We must also preserve the space for accountability. If AI removes every visible flaw, we risk developing technically proficient but strategically shallow professionals.
Training now needs to include prompt craft, validation, bias awareness, and governance alongside core communication skills. Juniors should understand both the power and limits of AI.
Creative thinking and lived experience remain accelerators of growth. Technology can refine and test ideas to open up the possibility of diverse thought. It cannot replace the human capacity to sense risk, opportunity, or cultural mood.
Do you see AI as a net positive or a potential limiter for junior career development in PR? What will determine the outcome?
I am optimistic.
AI, when used properly, accelerates learning. A junior practitioner can test multiple angles, analyse data sets, and iterate ideas in ways that were previously prohibitive. This creates exposure to more diverse thinking when applied correctly, but the outcome will depend on leadership.
If AI is treated as a cost-reduction lever, junior development will suffer. Whereas if it is treated as a thinking partner, it will expand capability.
In any market where clients expect both strategic counsel and efficiency, AI helps us remove operational hurdles. That frees our teams to focus on higher-value client problem-solving and creative amplification.
As we’re already experiencing in the industry, new skills and roles will come to the forefront, such as data fluency, ethical oversight, and systems thinking. The strongest talent will use AI to push their thinking further - not replace it.
The commercial model also matters.
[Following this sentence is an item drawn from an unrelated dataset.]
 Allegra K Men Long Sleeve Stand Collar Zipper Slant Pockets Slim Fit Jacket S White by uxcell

If we move further towards valuing outcomes over hours, AI becomes a performance enhancer rather than a billing threat.
Ultimately, culture determines the result. Agencies that invest in people while embracing technology will produce stronger, more versatile leaders. Those that do not may find themselves technically efficient but strategically diminished.
As technical tasks become automated, soft skills like emotional intelligence, critical thinking, and resilience are gaining prominence. How do these qualities show up in strong junior practitioners, and how can agencies better identify and nurture them?
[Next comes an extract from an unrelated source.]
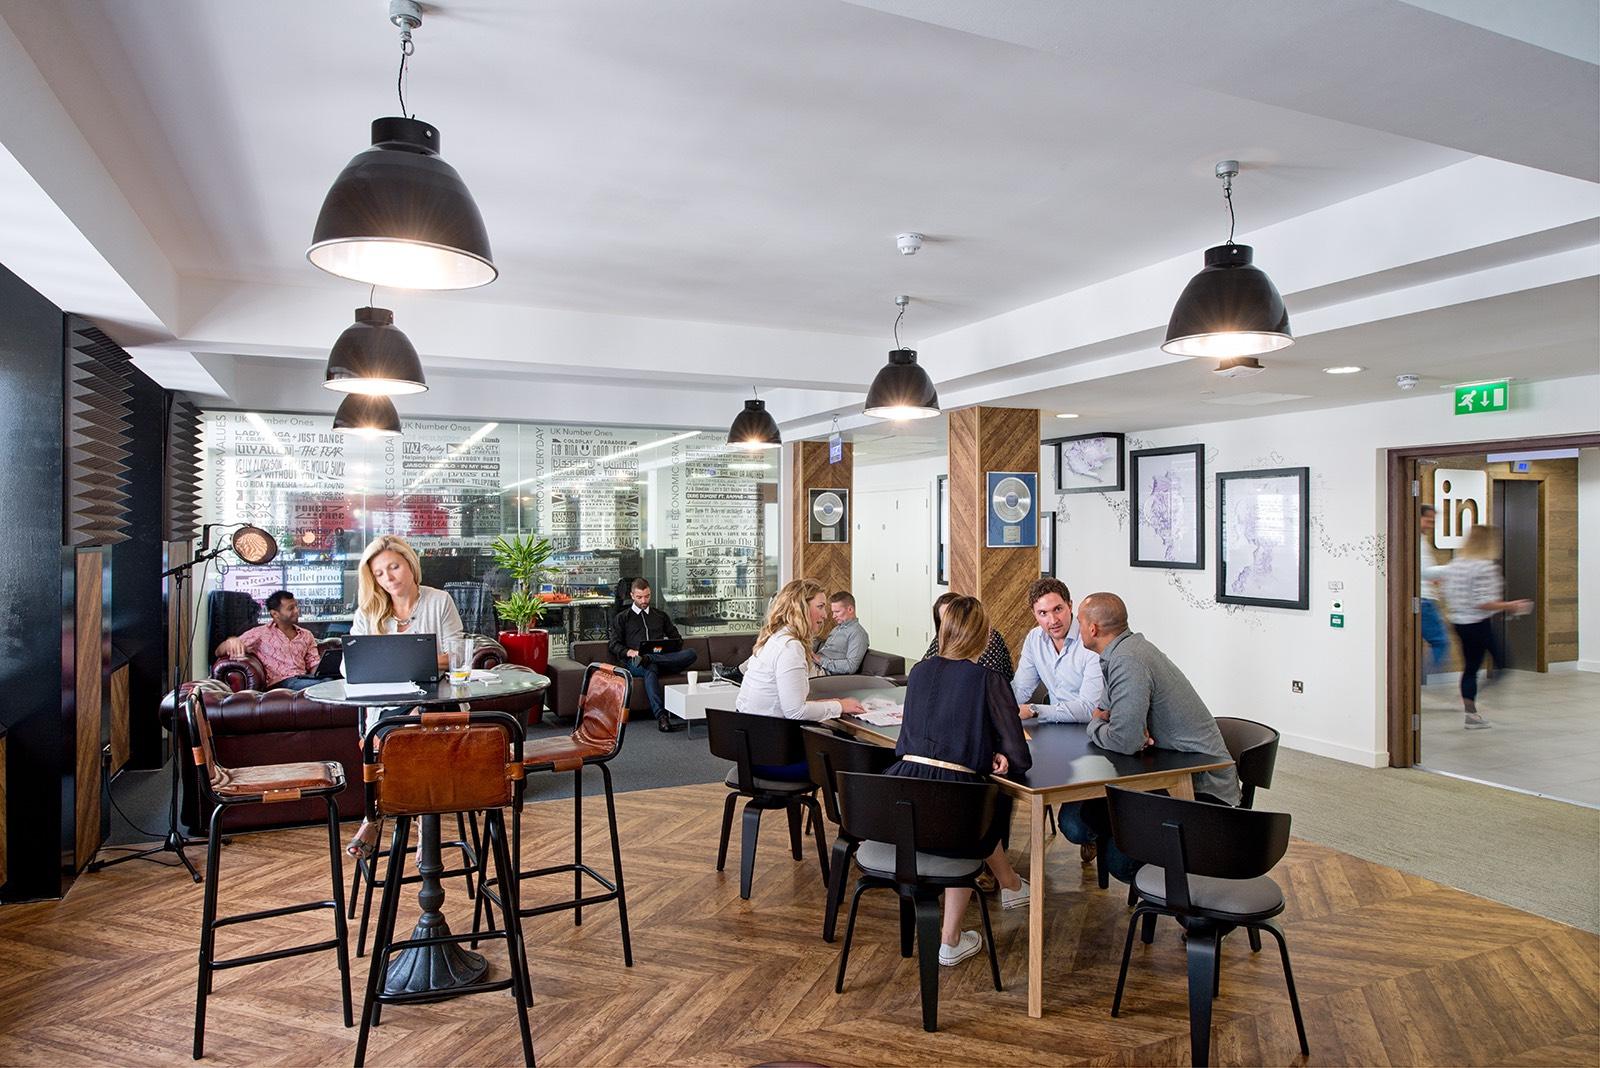 linkedin-office-london-4

In strong junior practitioners, emotional intelligence shows up in how they read client dynamics, anticipate stakeholder sensitivities, and adjust tone instinctively. Critical thinking appears in the questions they ask and the time spent listening to understand, not just the tasks they complete. Resilience is evident in how they respond to feedback or fast-moving issues.
In Australia, where relationships and trust are critical to business, these qualities matter enormously.
So, agencies will need to recruit and adjust accordingly. Scenario-based interviews, collaborative exercises, and real-time problem-solving reveal far more than a polished CV. Once inside the agency, exposure is key. For example: sitting in client meetings, participating in crisis simulations, or debriefing openly after campaigns.
Technical competence is essential, but it is table stakes. The differentiator is the ability to connect culture, commerce, and community with clarity and confidence.
If we invest in those human capabilities while equipping our teams with new tools, we will build a generation of practitioners not replaced by AI but fuelled to new heights by it.